After the preliminary shock, many Ukrainian musicians felt the urge to create. One of many first was Anton Slepakov, co-founder of the band Vagonovazhatye (VGNVZ), a poet and legend of the choice scene. Accompanied by Andriy Sokolov, he launched an album in March entitled warnyakannya (‘battle discuss’), which mixes spoken phrase with digital music. The texts evoke small but significant snapshots of battle: a metropolis with out youngsters, scotch tape on the home windows of the railway station, two units of keys from flats in Donetsk and Mariupol, a canine named after the city of Irpin, a bottle of wine saved for victory day. Slepakov was adopted by dozens of artists who course of present occasions in new releases each week, remodeling feelings into phrases and music. They rage, curse the enemy, grieve, encourage to struggle, even joke a bit. That’s, they reside via battle in the identical approach as each Ukrainian.
Khrystyna Soloviy, well-known for her tender love ballads, sings in ‘Ukrains’ka Ljut’ (Ukrainian Anger) to the tune of Bella Ciao: ‘And people damned executioners / we burn them mercilessly’. Palindrome screams: ‘We’re extra collectively now than ever! Go house, your rusty Russian shackles are coming off.’ In a tune by Oi FUSK, entitled ‘For Whom the Bell Tolls’, the artist raps: ‘My home has no extra partitions, and I’m not alone on this, flood, the rivers are as soon as once more colored with blood’. The observe was written the day after his home was destroyed by a Russian missile. OTOY (Vyacheslav Drofa), a rising star of Ukrainian rap, joined the Azov regiment and in between battles managed to file new EP ‘Okolofront’ (Close to Entrance). In it he declares: ‘That is my new on a regular basis life, my new on a regular basis life is battle. Both within the floor right here or able to spit bullets on daily basis.’
The Ukrainian music business should be rebuilt from ruins. However that is the least that pursuits artists now. For the following rebirth to be doable, they need to first survive bodily.

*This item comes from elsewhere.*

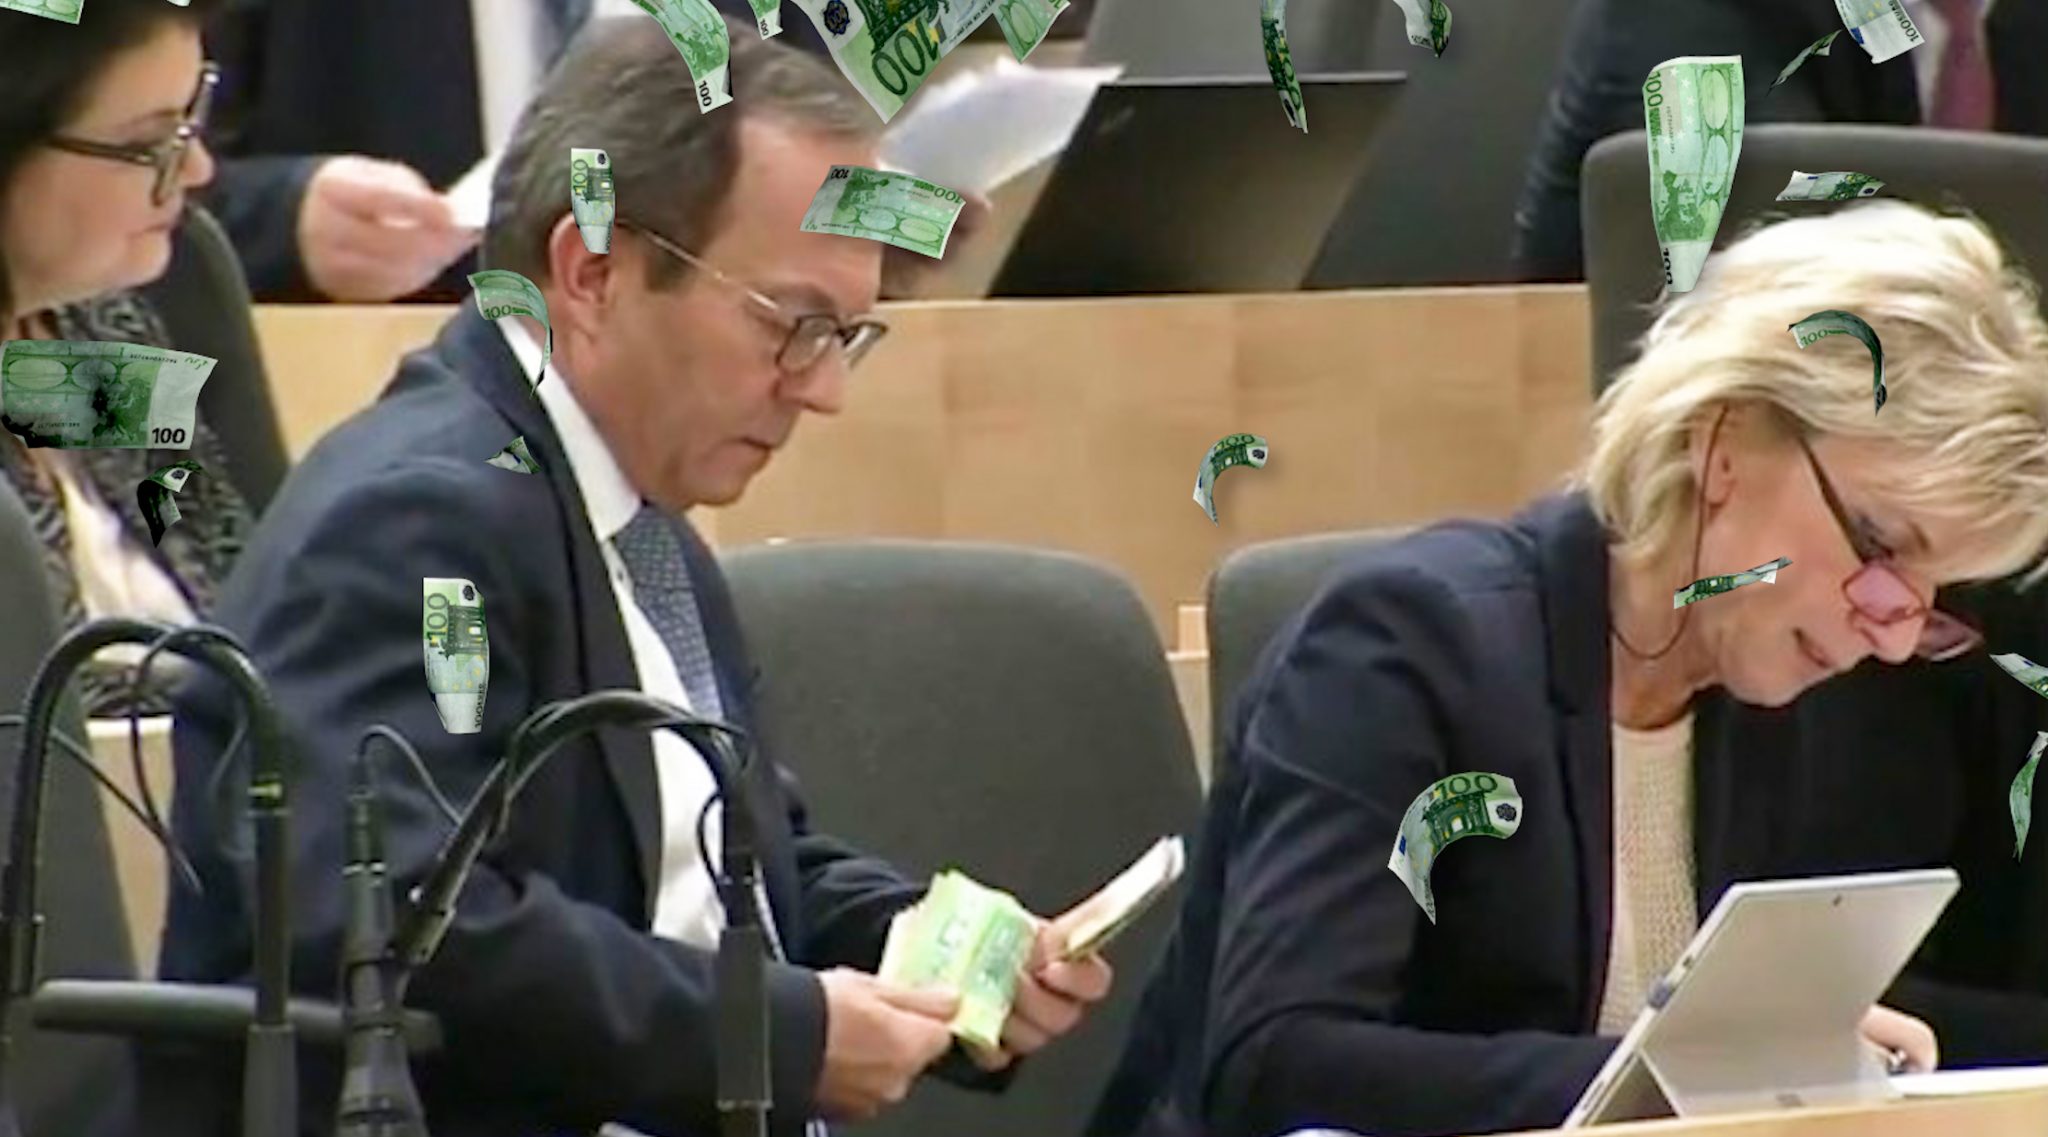 ÖVP-Abgeordneter Haubner zählt ungeniert Geldscheine im Parlament – das Internet lacht

The Musicians Defend Ukraine basis helps musicians and different folks from the music business preventing on the entrance strains or volunteering in different capacities to defend Ukraine. Organised by members of the rock band Love’n’Pleasure, homeowners of Shpytal Information music studio and Kontrabass Promo live performance company, the muse raises funds and offers artists with needed tactical objects akin to physique armour, first support kits, surveillance drones, thermal monoculars, walkie-talkies, automobiles and so on.